Dumortierite Value, Price, and Jewelry Information

DUMORTIERITE: Nevada (~2 inches across); Ogilby, California (~1 inch across). Photo © Joel E. Arem, PhD, FGA. Used with permission.

Dumortierite

Dumortierite is a beautiful and very hard material, eminently suitable for jewelry. The cabochon material is the only generally known form, since faceted stones are so rare. Fibrous inclusions have been noted in the transparent Brazilian stones.

Dumortierite Information

Data Value
Name Dumortierite
Varieties Holtite
Alternate Common Names Holtite
Colors Blue, violet, brown, pinkish, blue-green, greenish.
Hardness 8 - 8.5; massive varieties 7.
Fracture Splintery or uneven
Cleavage Good 1 direction, not observed in massive material
Stone Sizes Massive blue and violet material occurs in pieces weighing several pounds. Only a small amount of facetable material has ever been discovered (Brazil, Sri Lanka), and these gems tend to be very small (under 1-2 carats). Only a few faceted dumortierites exist. Arizona dumortierite is actually a quartz-impregnated variety.
Formula Ab7O3(BO3)(SiO4)3.
Crystallography Orthorhombic. Crystals prismatic and very rare; usually massive, fibrous, granular.
Refractive Index 1.668-1.723
Birefringence 0.15-0.37
Luminescence Blue (France) in SW; also blue-white to violet (California) in SW.
Luminescence Present Yes
Luminescence Type Fluorescent, UV-Short
Absorption Spectrum Not diagnostic.
Pleochroism Black/brown/red-brown; also: blue-black/blue/colorless.
Optics a = 1.686; β = 1.722; γ = 1.723. (Brazilian material: a = 1.668-1.673; β = 1.682-1.684; γ = 1.685-1.688). Uniaxial (-), 2V= 13-56°.
Optic Sign Uniaxial -
Luster Vitreous to dull.
Specific Gravity 3.26-3.41
Transparency Transparent to opaque.

See also: Holtite.

Opticsa = 1.686; β = 1.722;γ = 1.723.

Brazil:  a = 1.668-1.673; β= 1.682-1.684; γ= 1.685-1.688. SG = 3.31-3.35.

Uniaxial (-), 2V= 13-56°.

Occurrence: In aluminous metamorphic rocks; in pegmatites.

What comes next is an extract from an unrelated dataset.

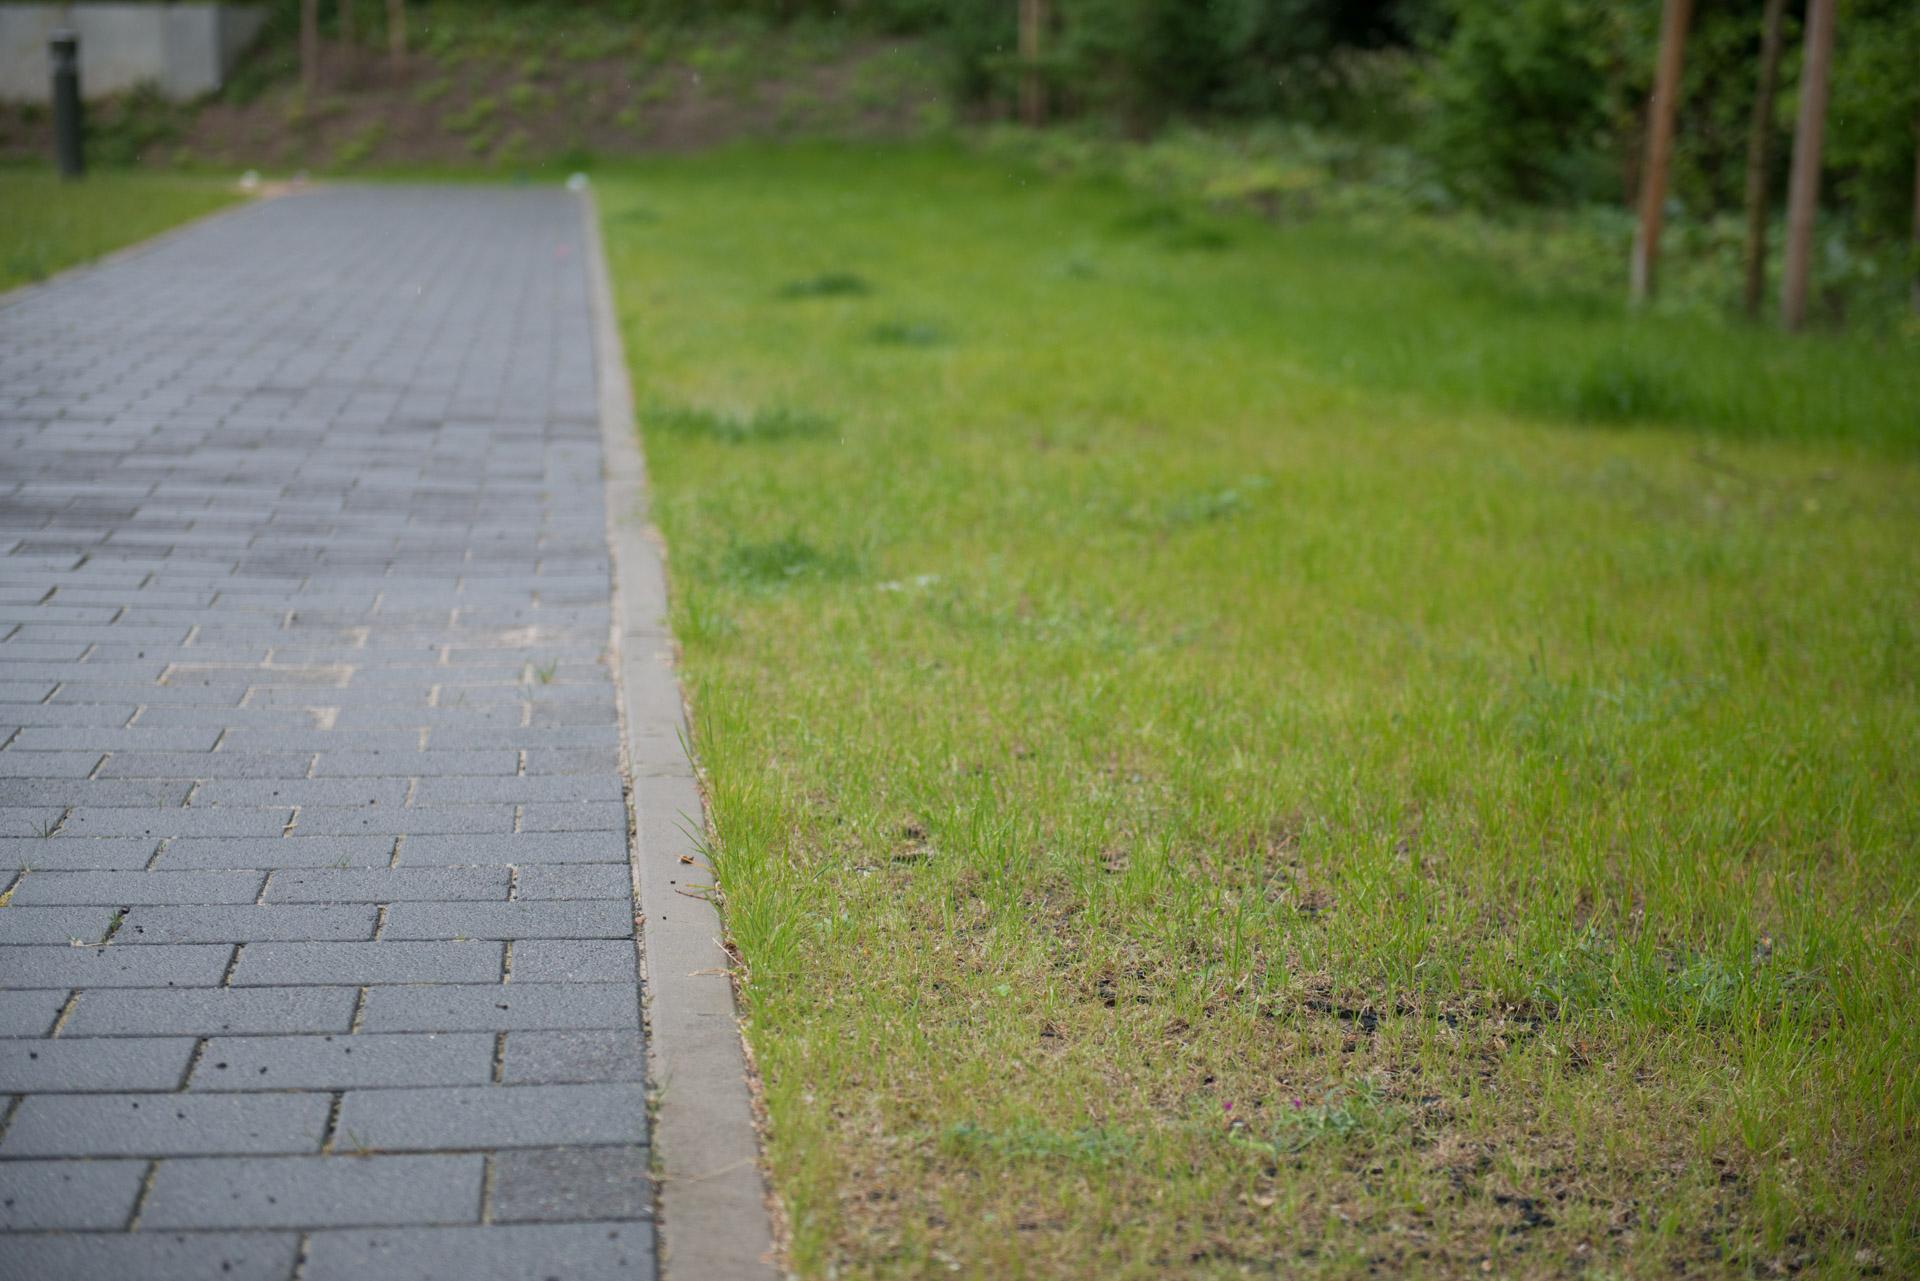 Rasengitter neben einem Weg

Pershing County, Nevada: violet gem material. Arizona.

France; Madagascar; Brazil (Minas Gerais): facetable bluish-green material.

Sri Lanka: transparent, reddish-brown stones.

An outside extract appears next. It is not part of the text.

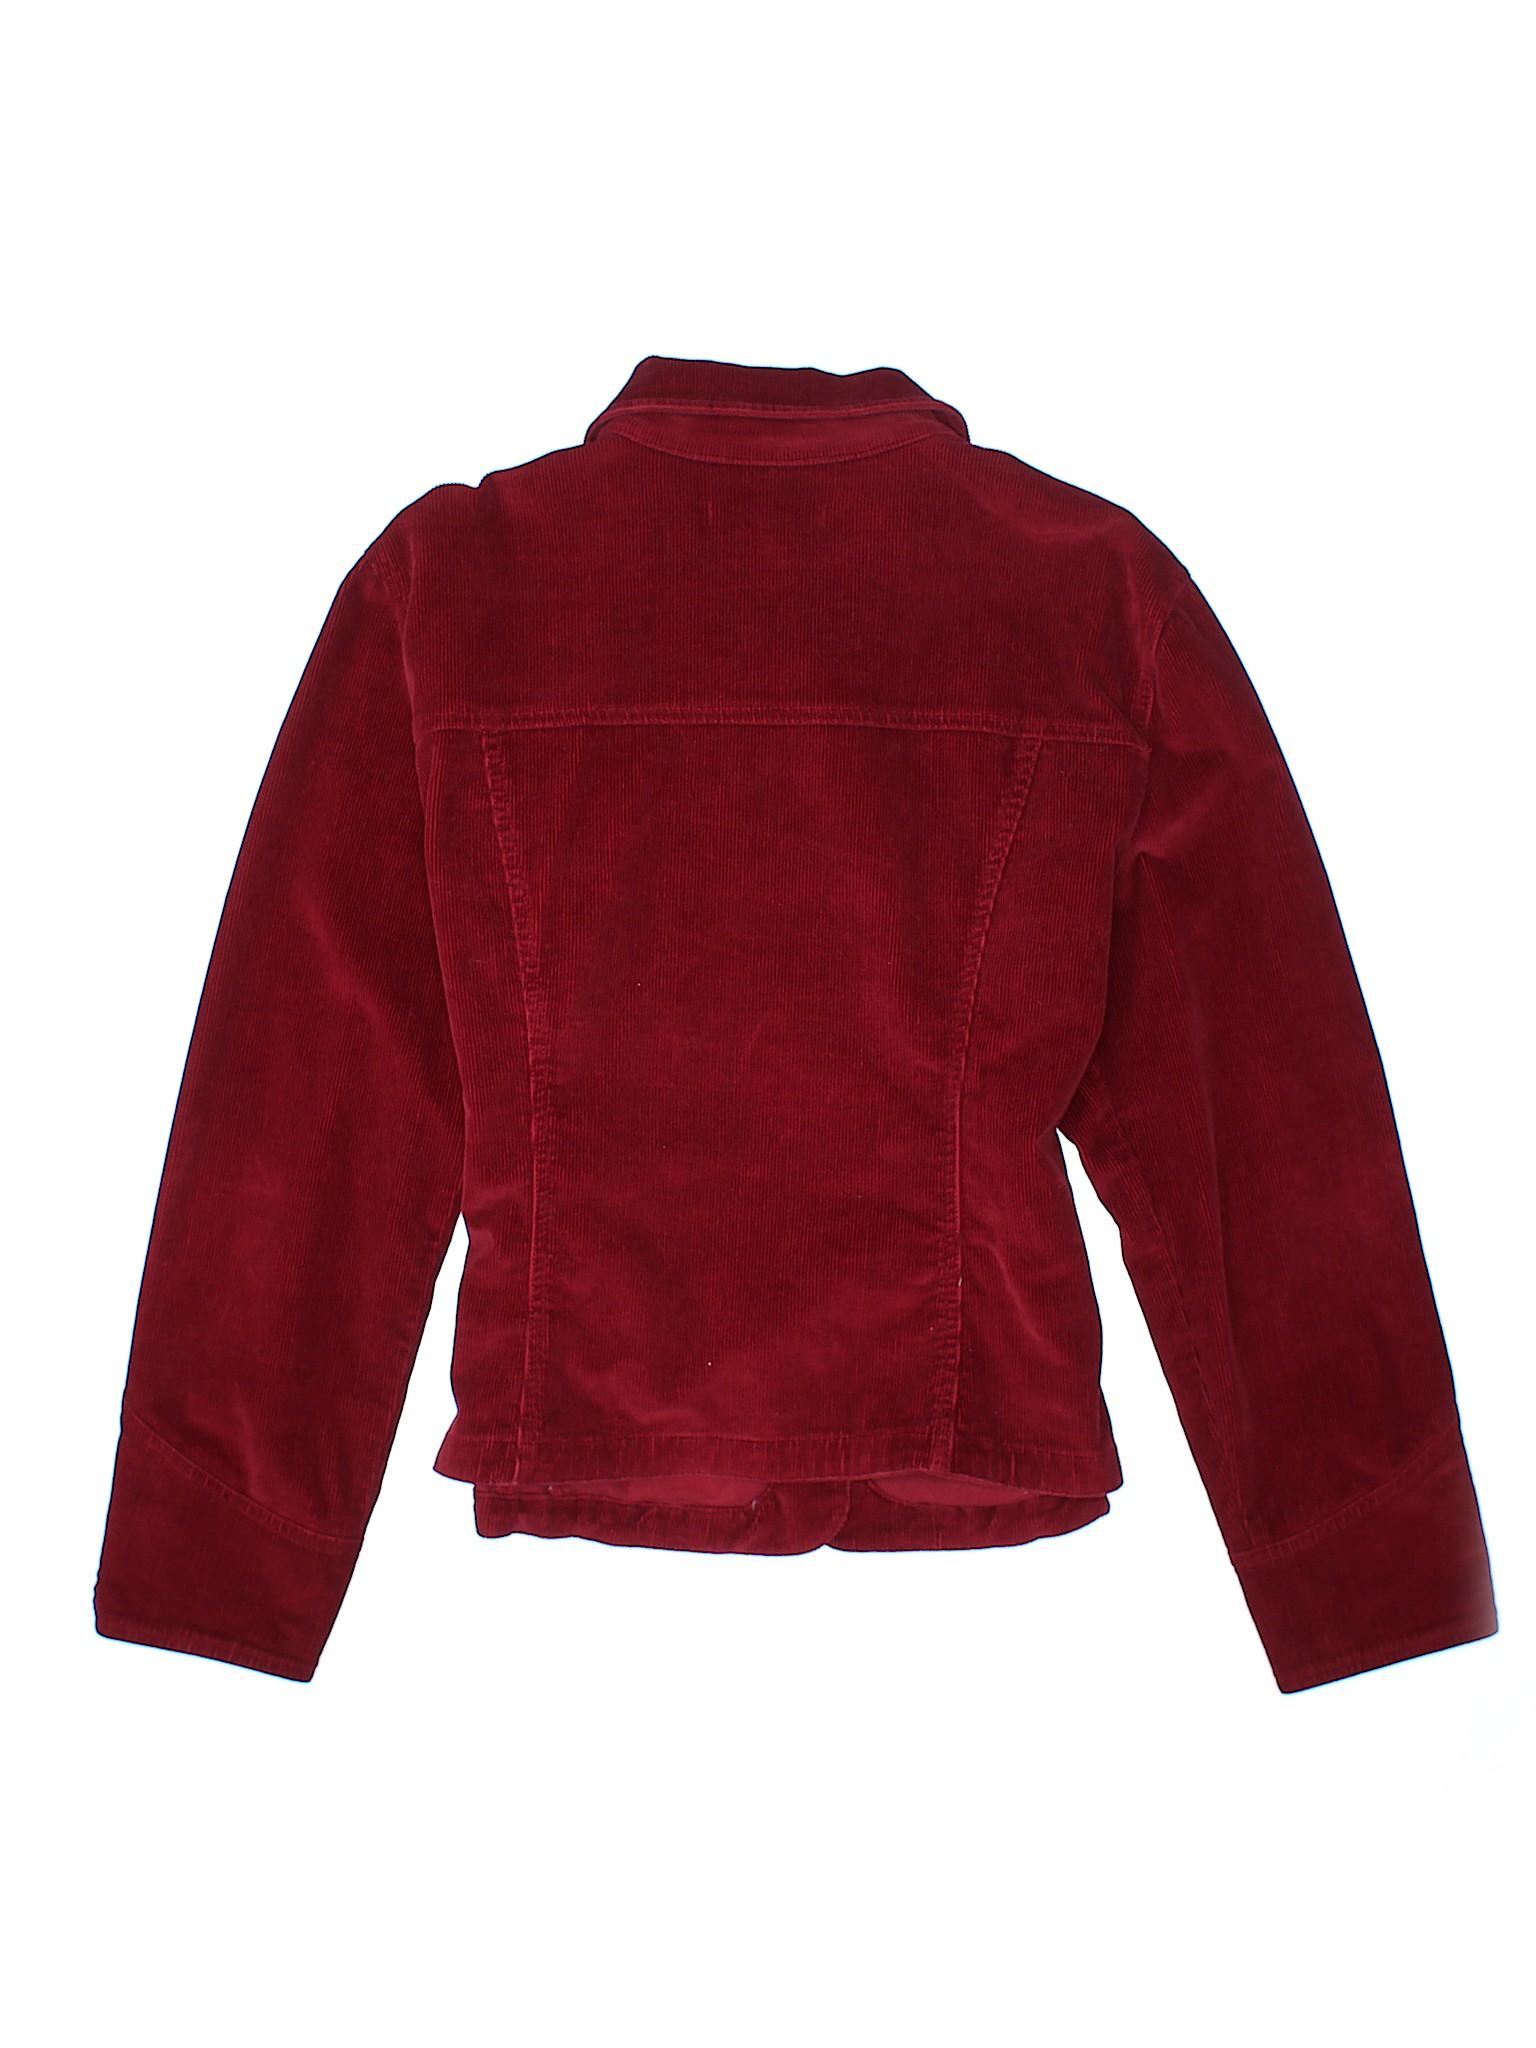 leisure A Boutique Jacket M I 8nzxq76Z

Comments: Dumortierite is a beautiful and very hard material, eminently suitable for jewelry. The cabochon material is the only generally known form, since faceted stones are so rare. Fibrous inclusions have been noted in the transparent Brazilian stones.

Name: After M. Eugene Dumortier, a paleontologist.